#### [COLLECTED MATERIAL]
·····
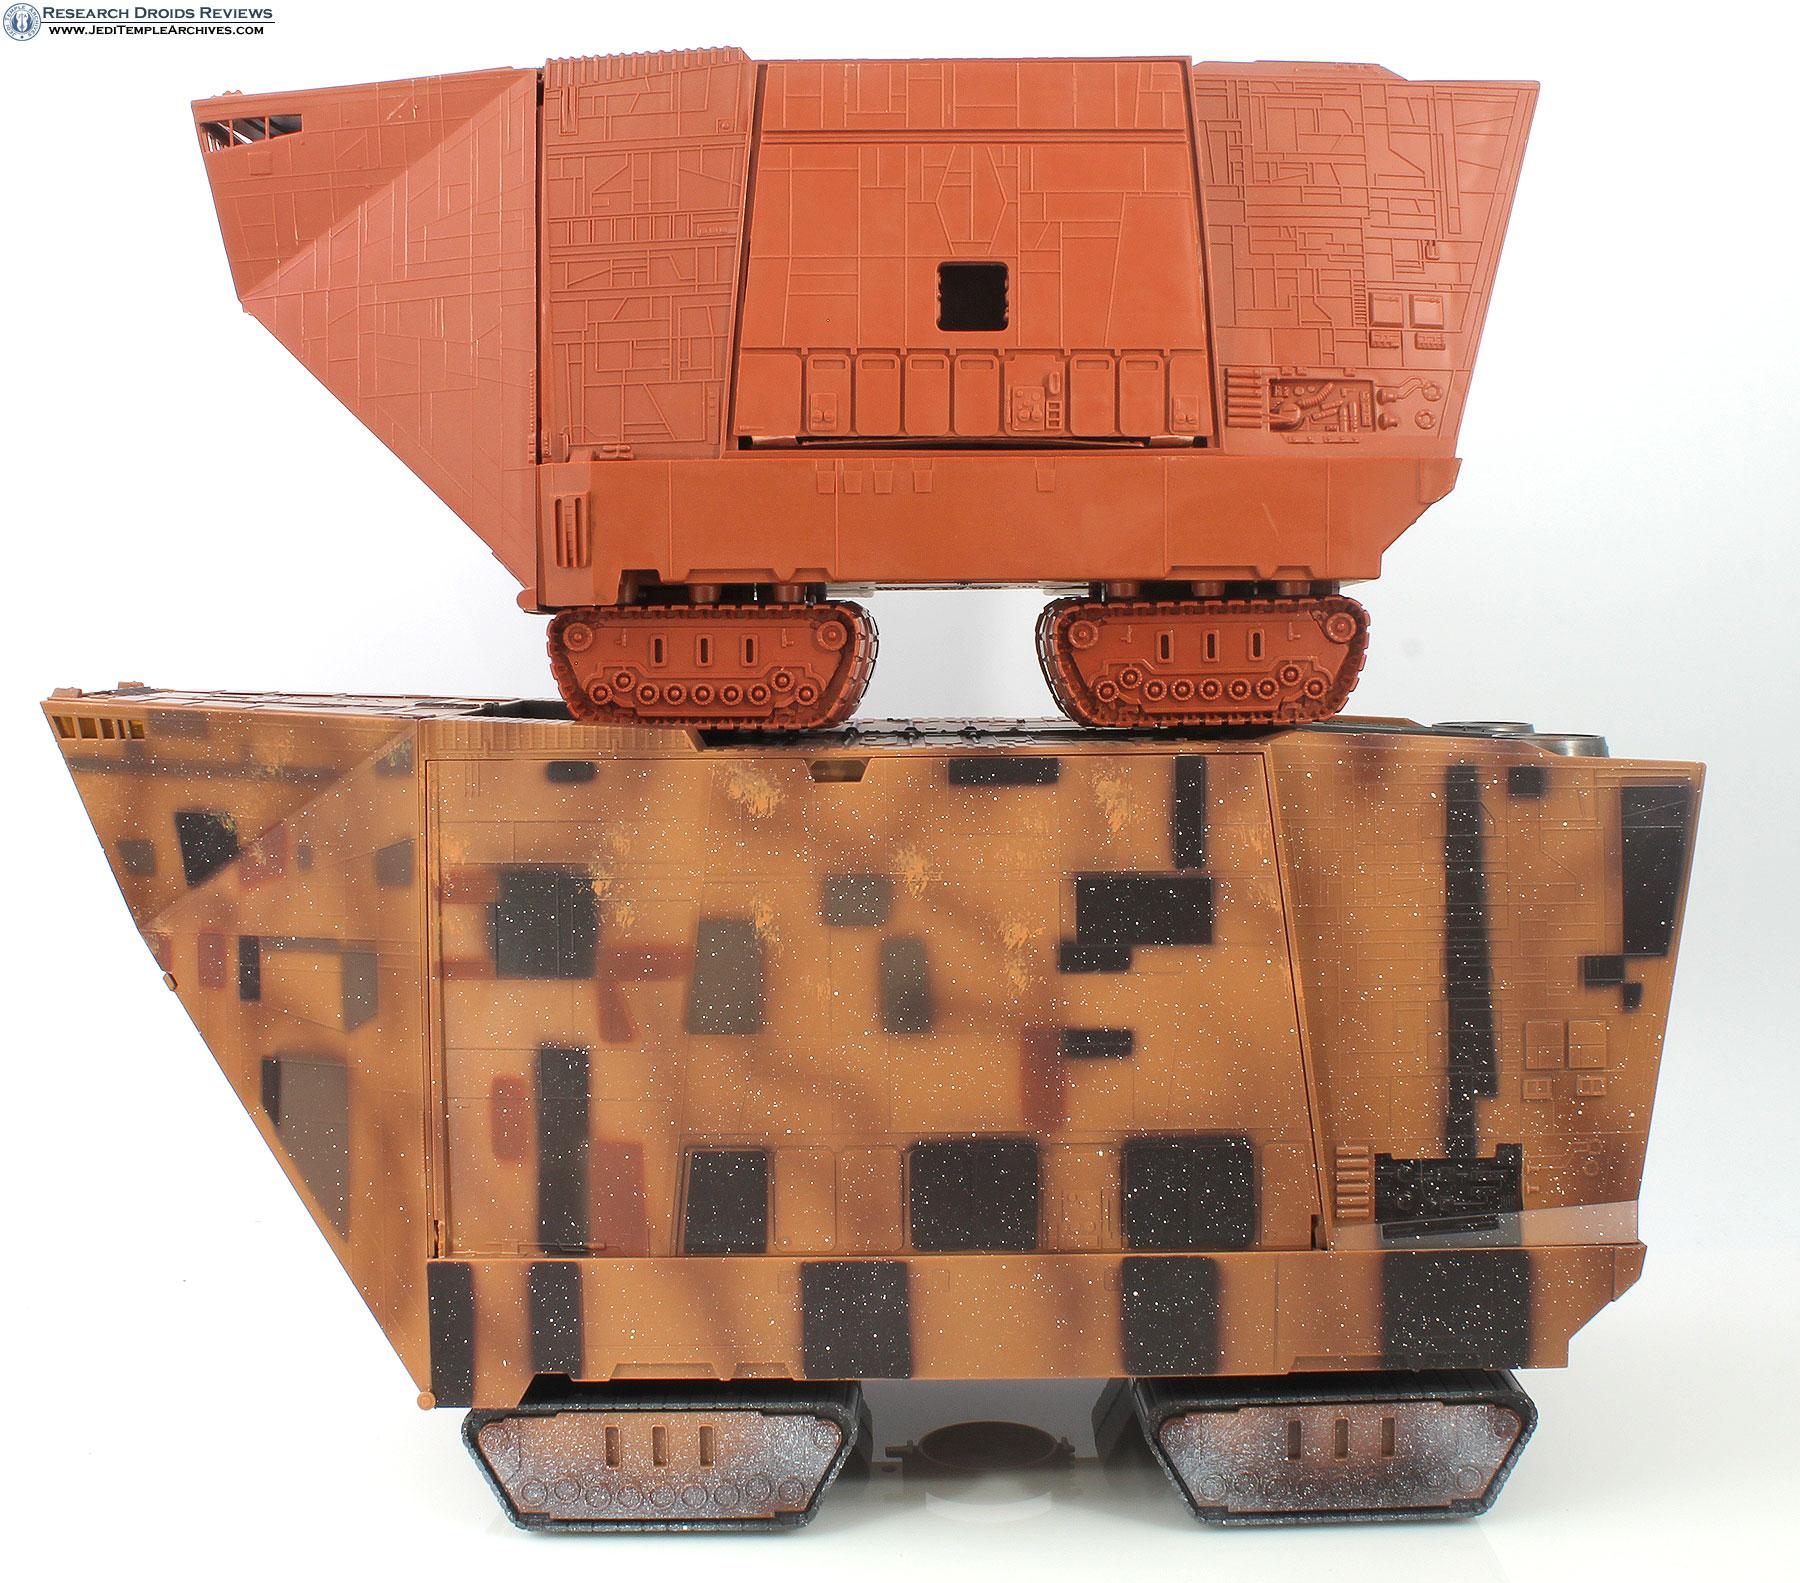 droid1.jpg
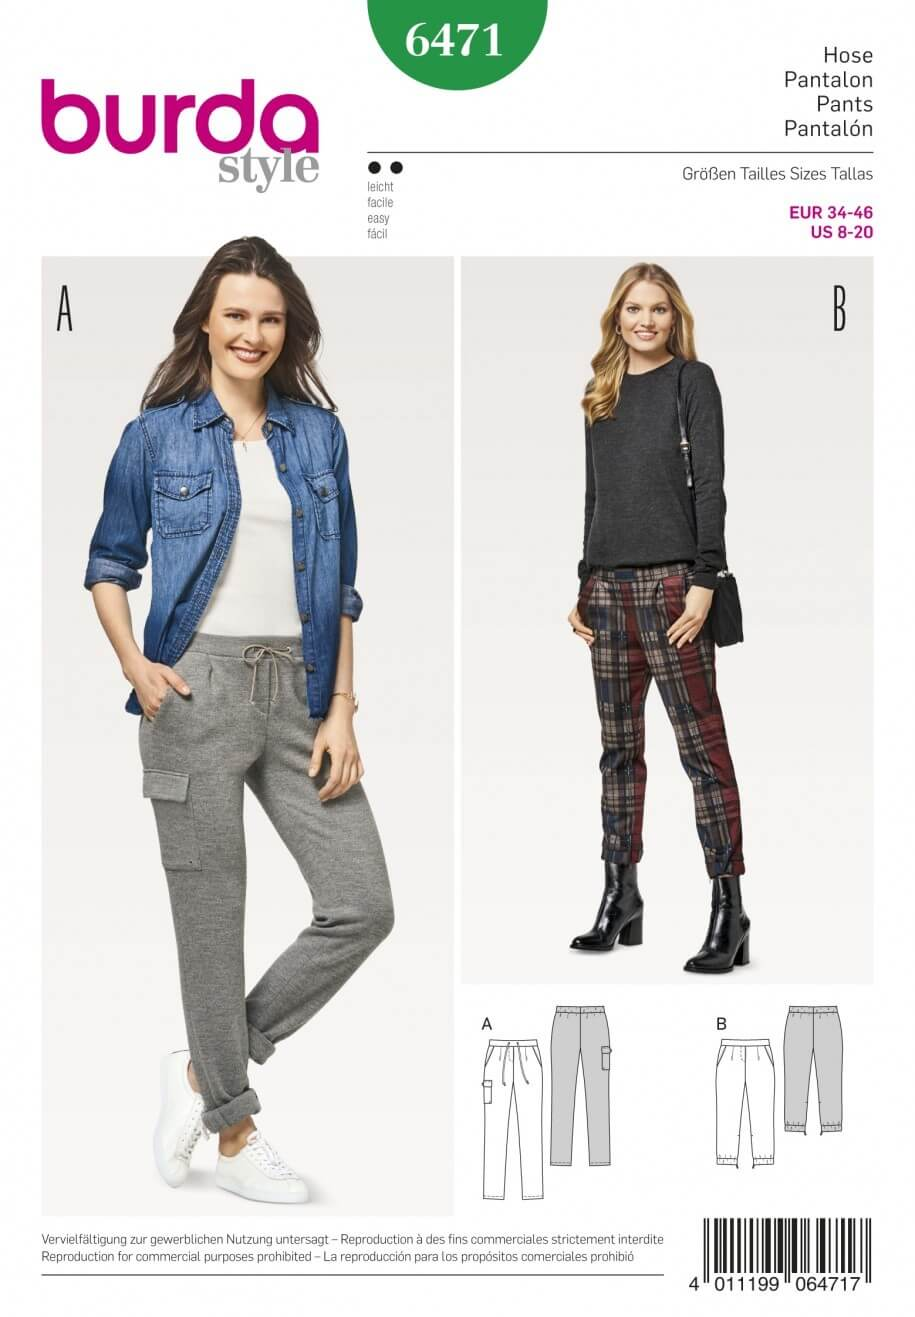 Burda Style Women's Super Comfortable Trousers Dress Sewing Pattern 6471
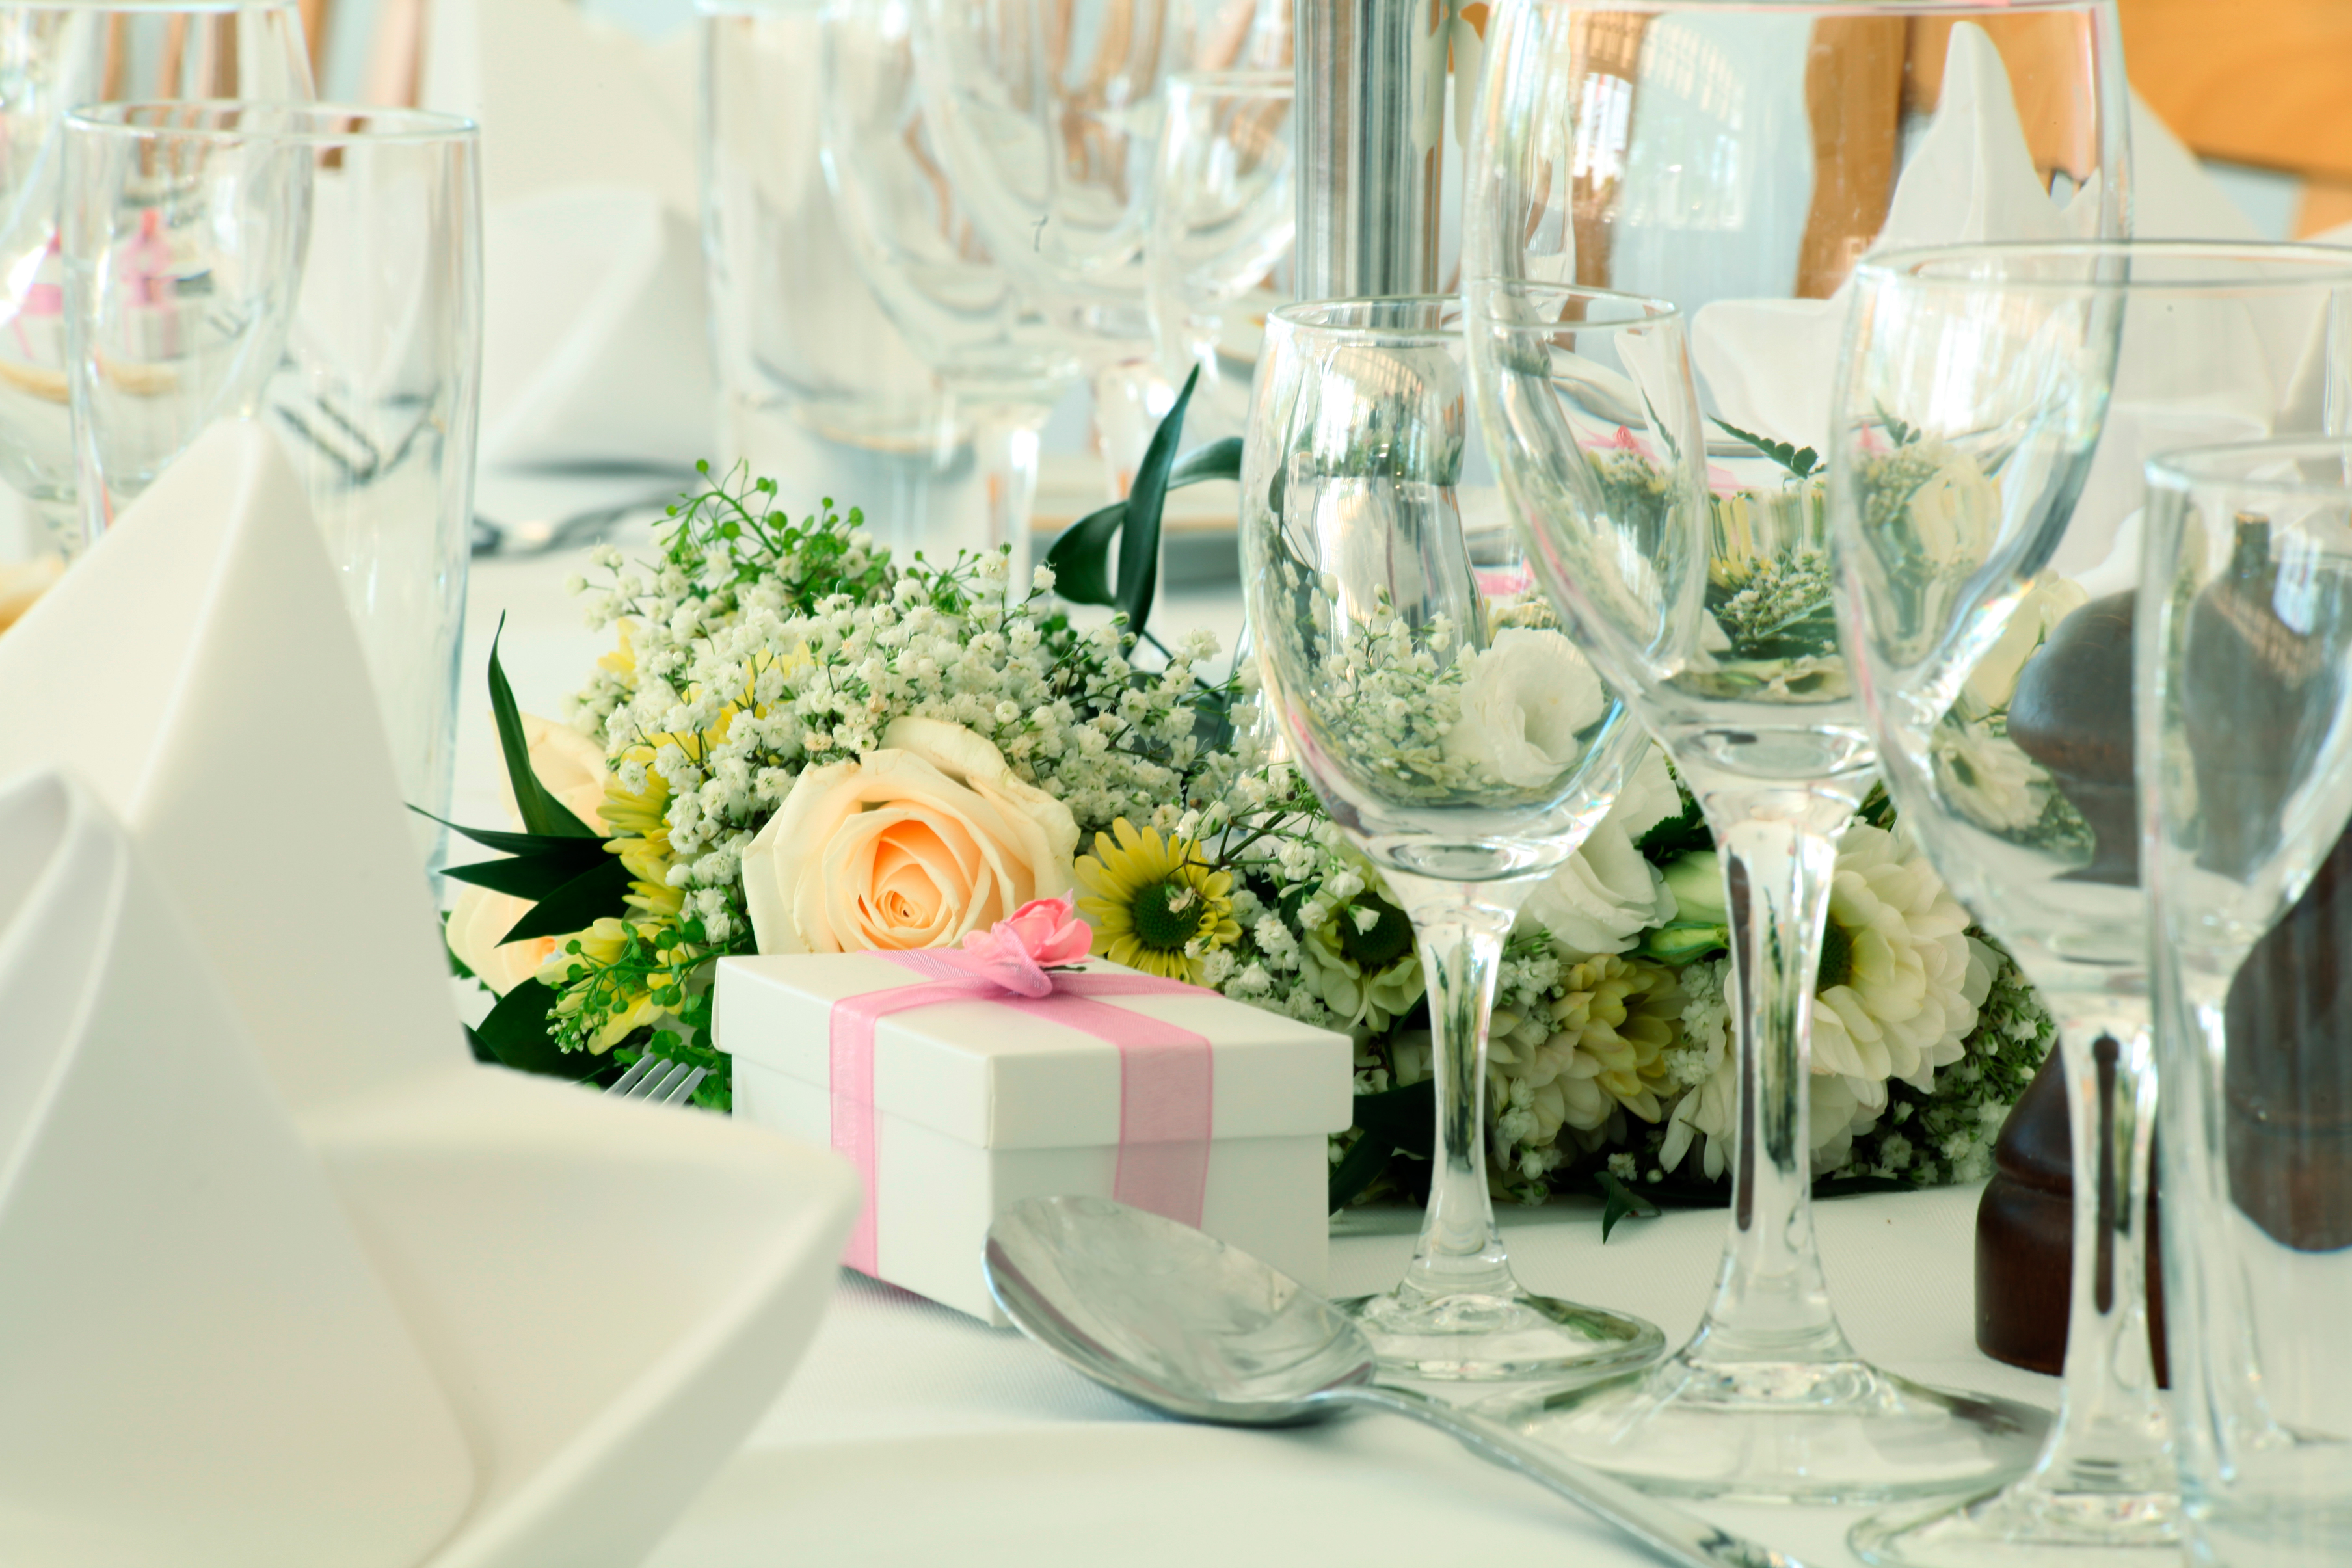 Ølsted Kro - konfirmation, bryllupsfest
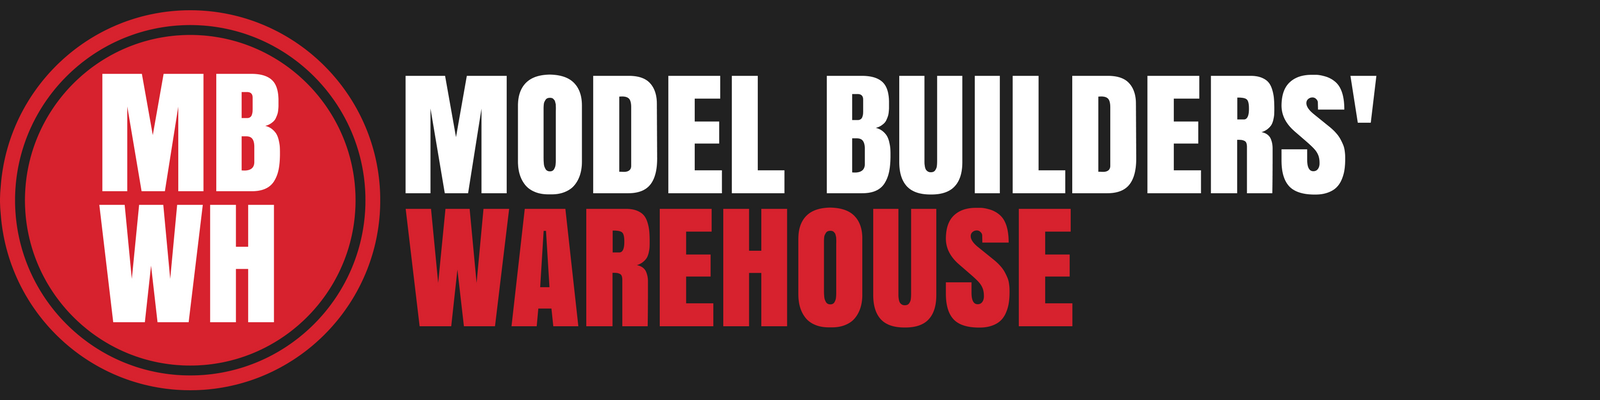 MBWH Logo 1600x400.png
·····
#### [WHAT YOU WILL DO]
Repeat nothing but the lines from the one containing "Burda Style Women's" through the last line of the listing, both included, exactly as written, and omit any picture.

#### [WRITTEN REPLY]
 Burda Style Women's Super Comfortable Trousers Dress Sewing Pattern 6471
 Ølsted Kro - konfirmation, bryllupsfest
 MBWH Logo 1600x400.png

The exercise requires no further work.